> _Problem description_: A copy of the listing below is needed, exact in every line and without images.

::: Data segment :::

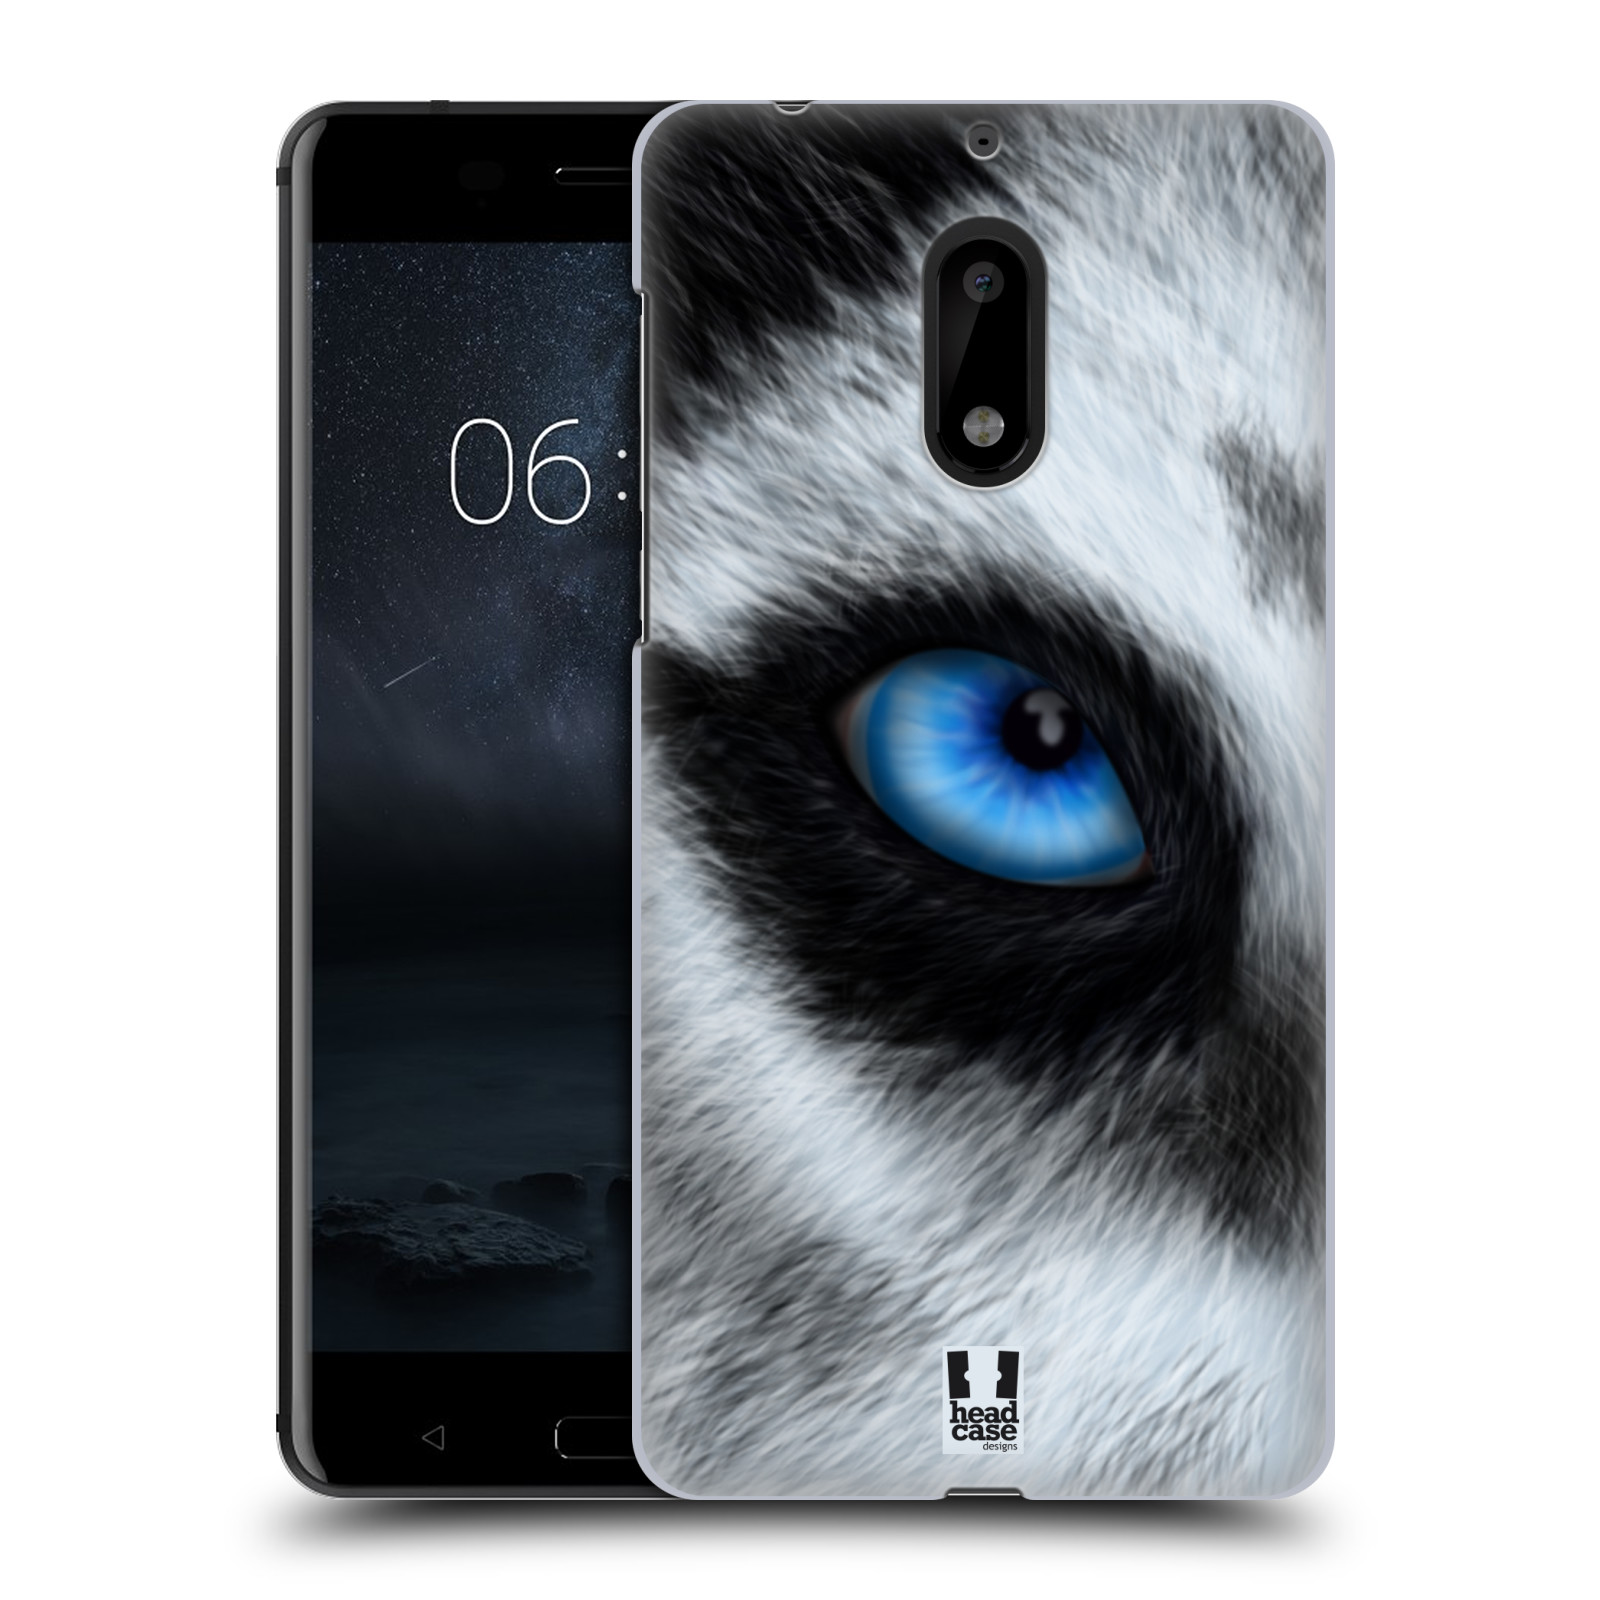 HEAD CASE plastový obal na mobil Nokia 6 vzor pohled zvířete oko pes husky
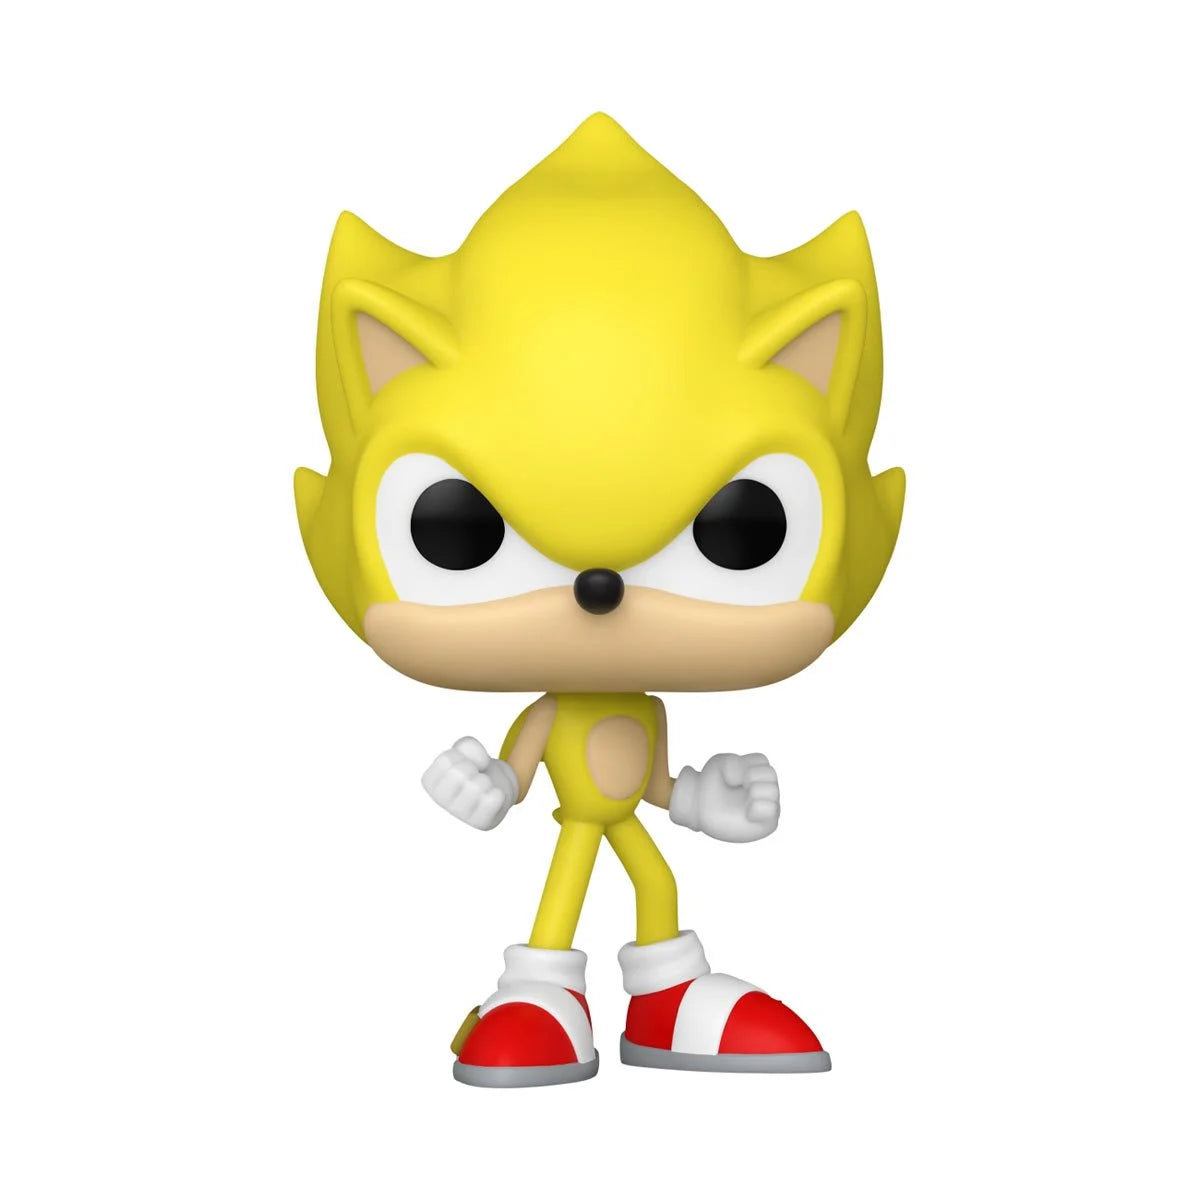 Sonic the Hedgehog - Super Sonic Funko Pop!
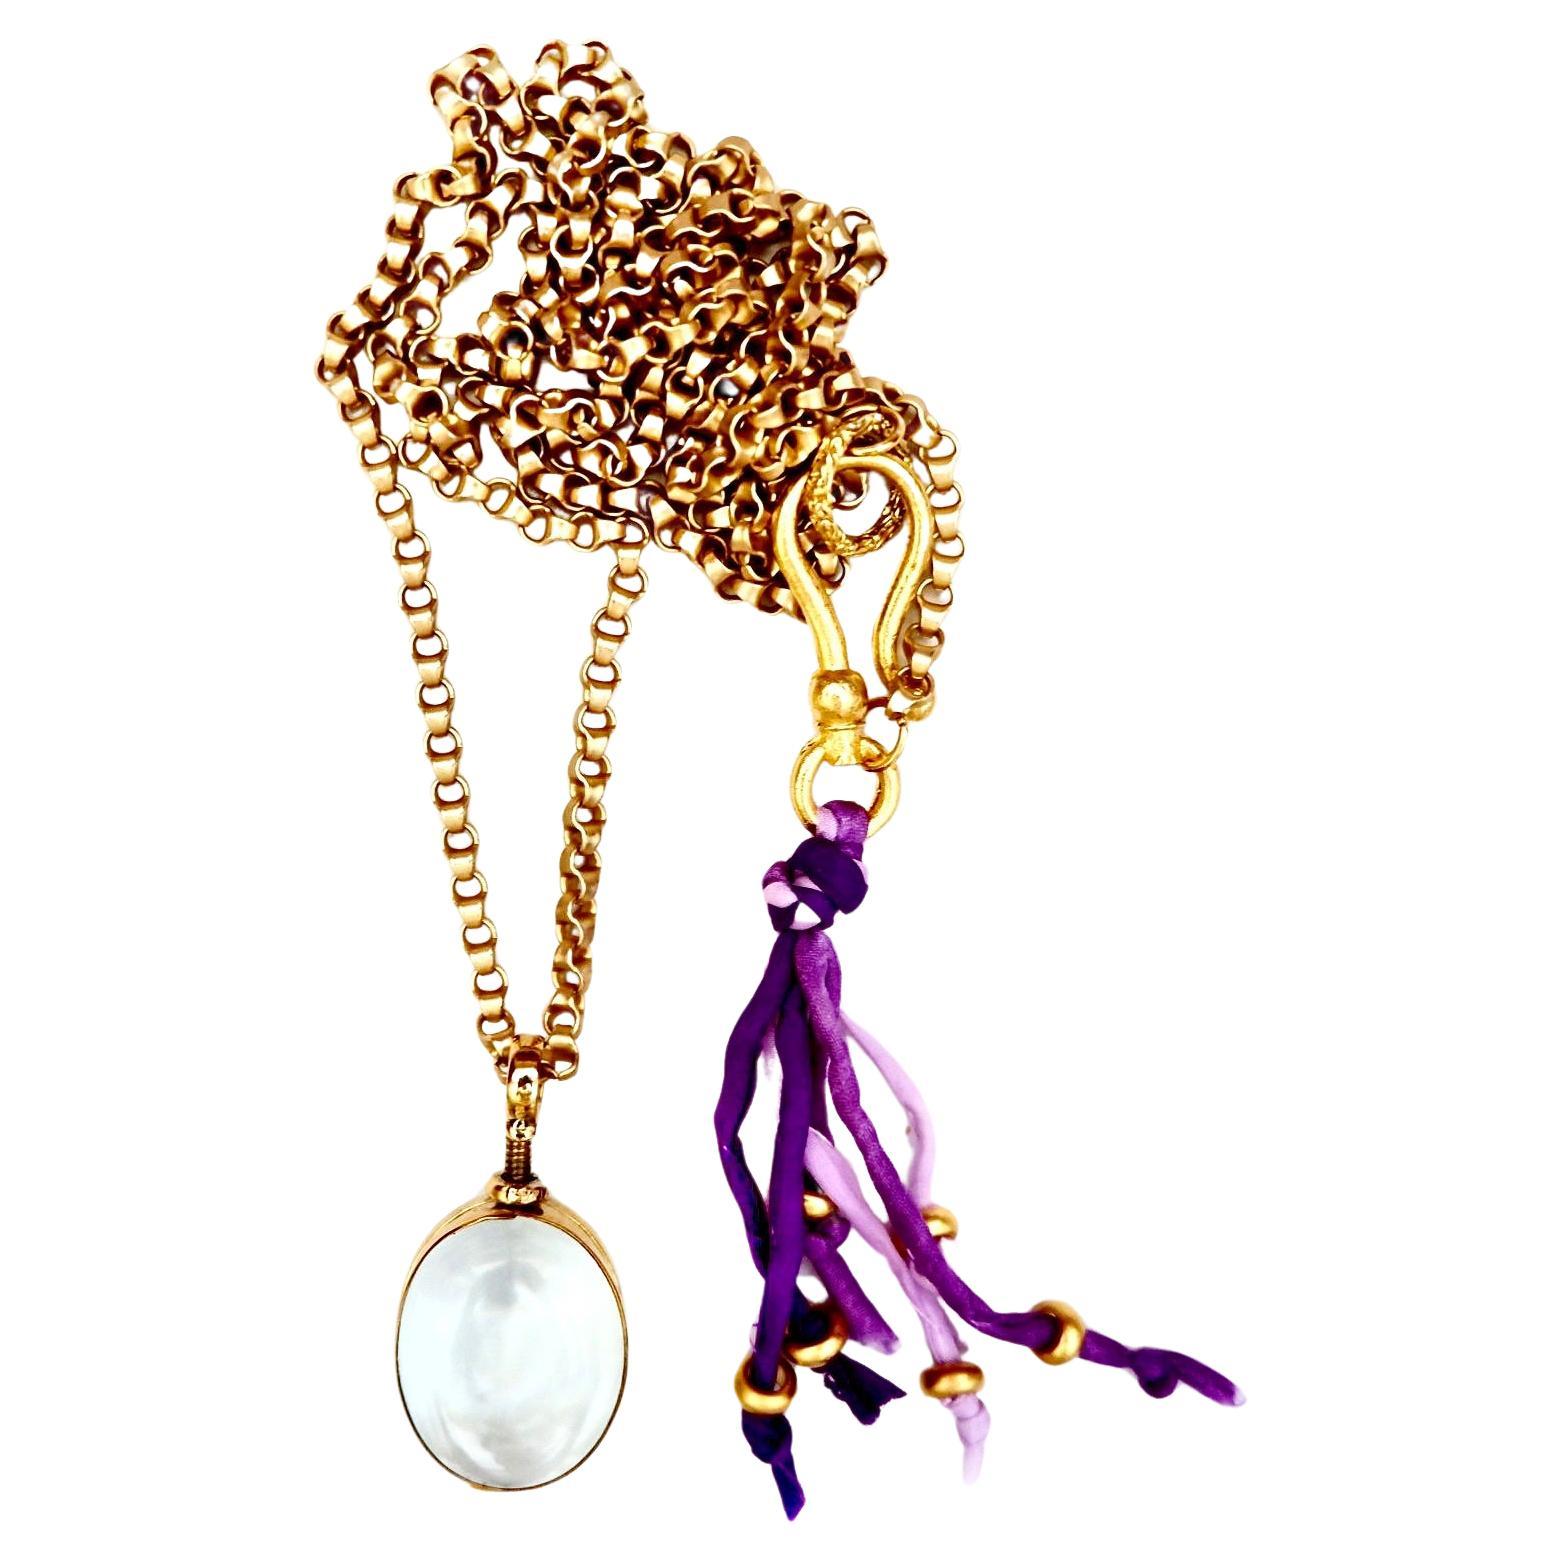 Vintage Brass Chain Vintage Glass Oval Locket Necklace
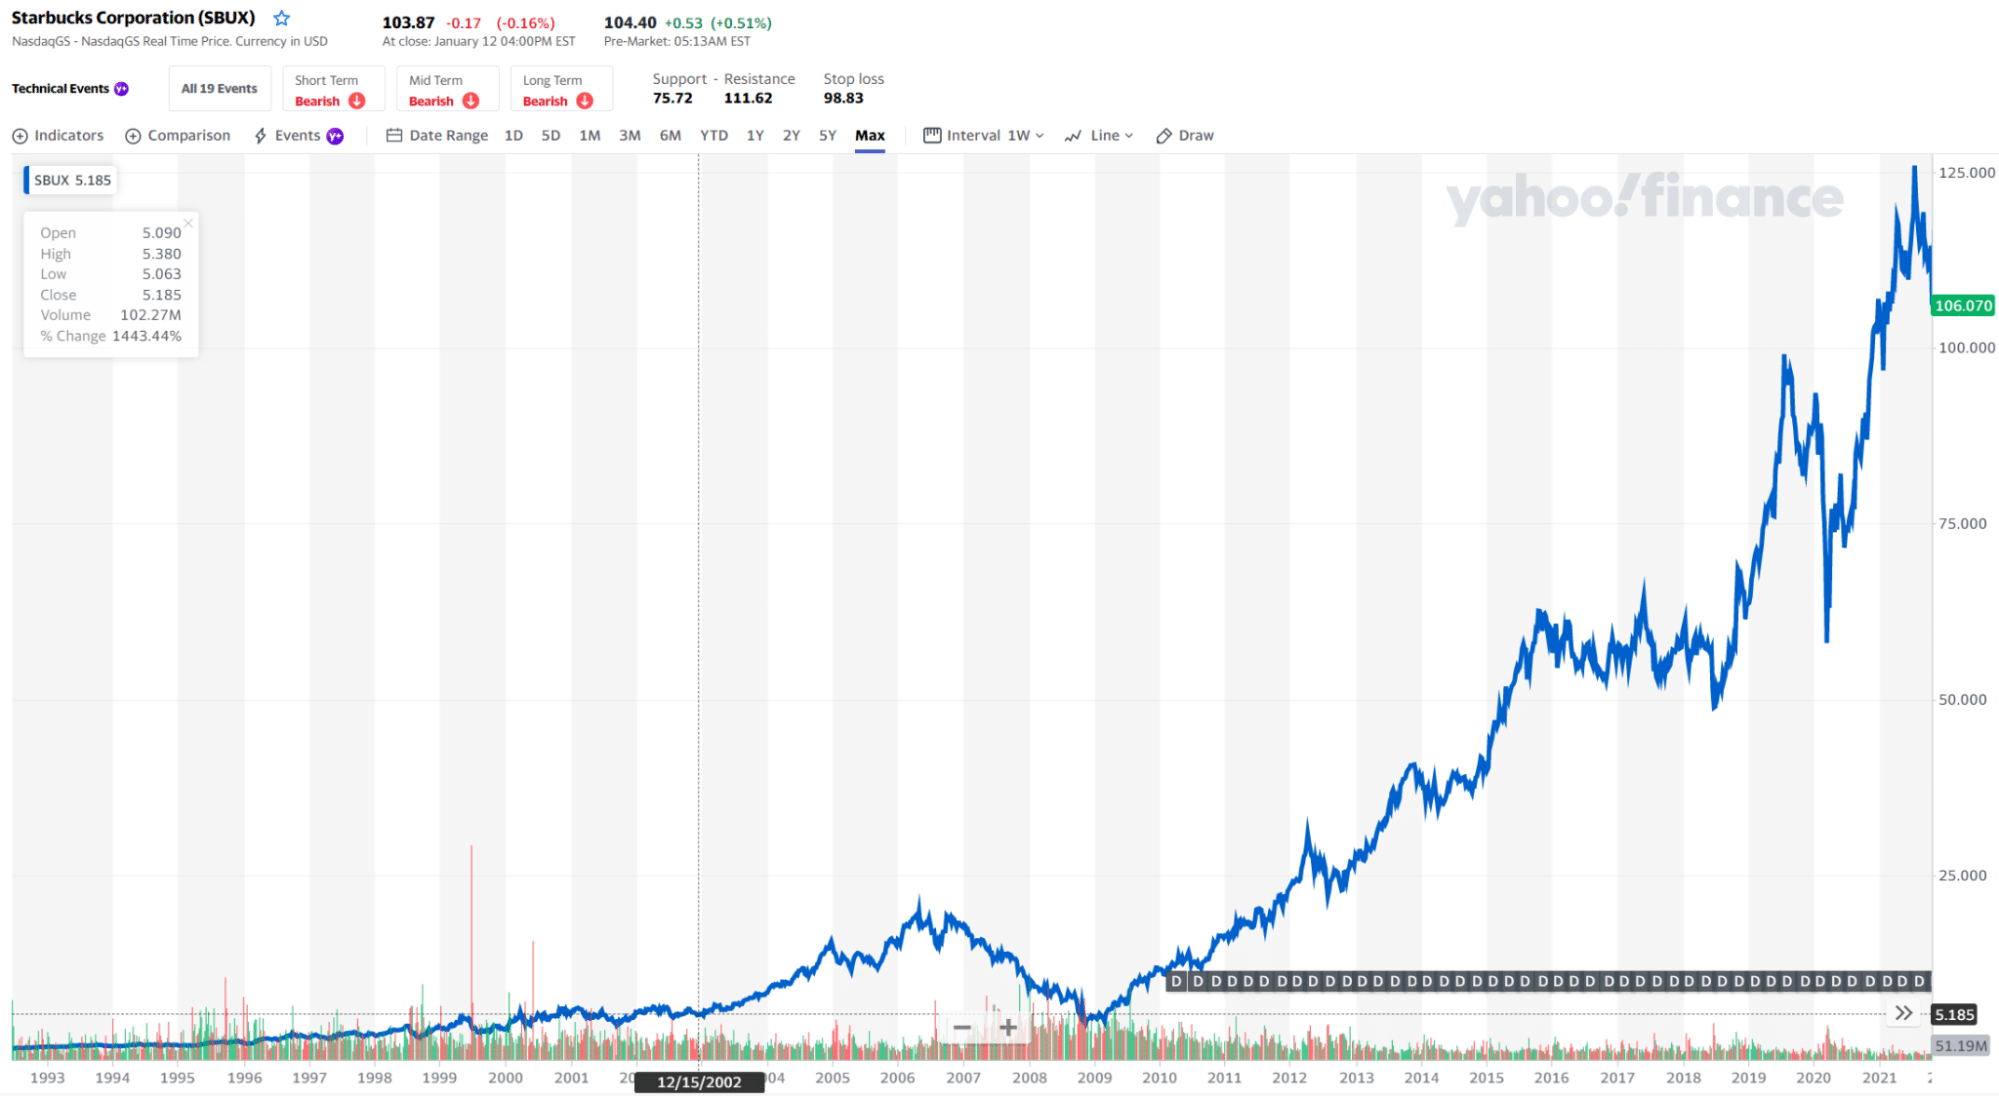 SBUX stock price chart 1993-2022

:::

> _Exercise solution_:
 HEAD CASE plastový obal na mobil Nokia 6 vzor pohled zvířete oko pes husky
 Sonic the Hedgehog - Super Sonic Funko Pop!
 Vintage Brass Chain Vintage Glass Oval Locket Necklace
 SBUX stock price chart 1993-2022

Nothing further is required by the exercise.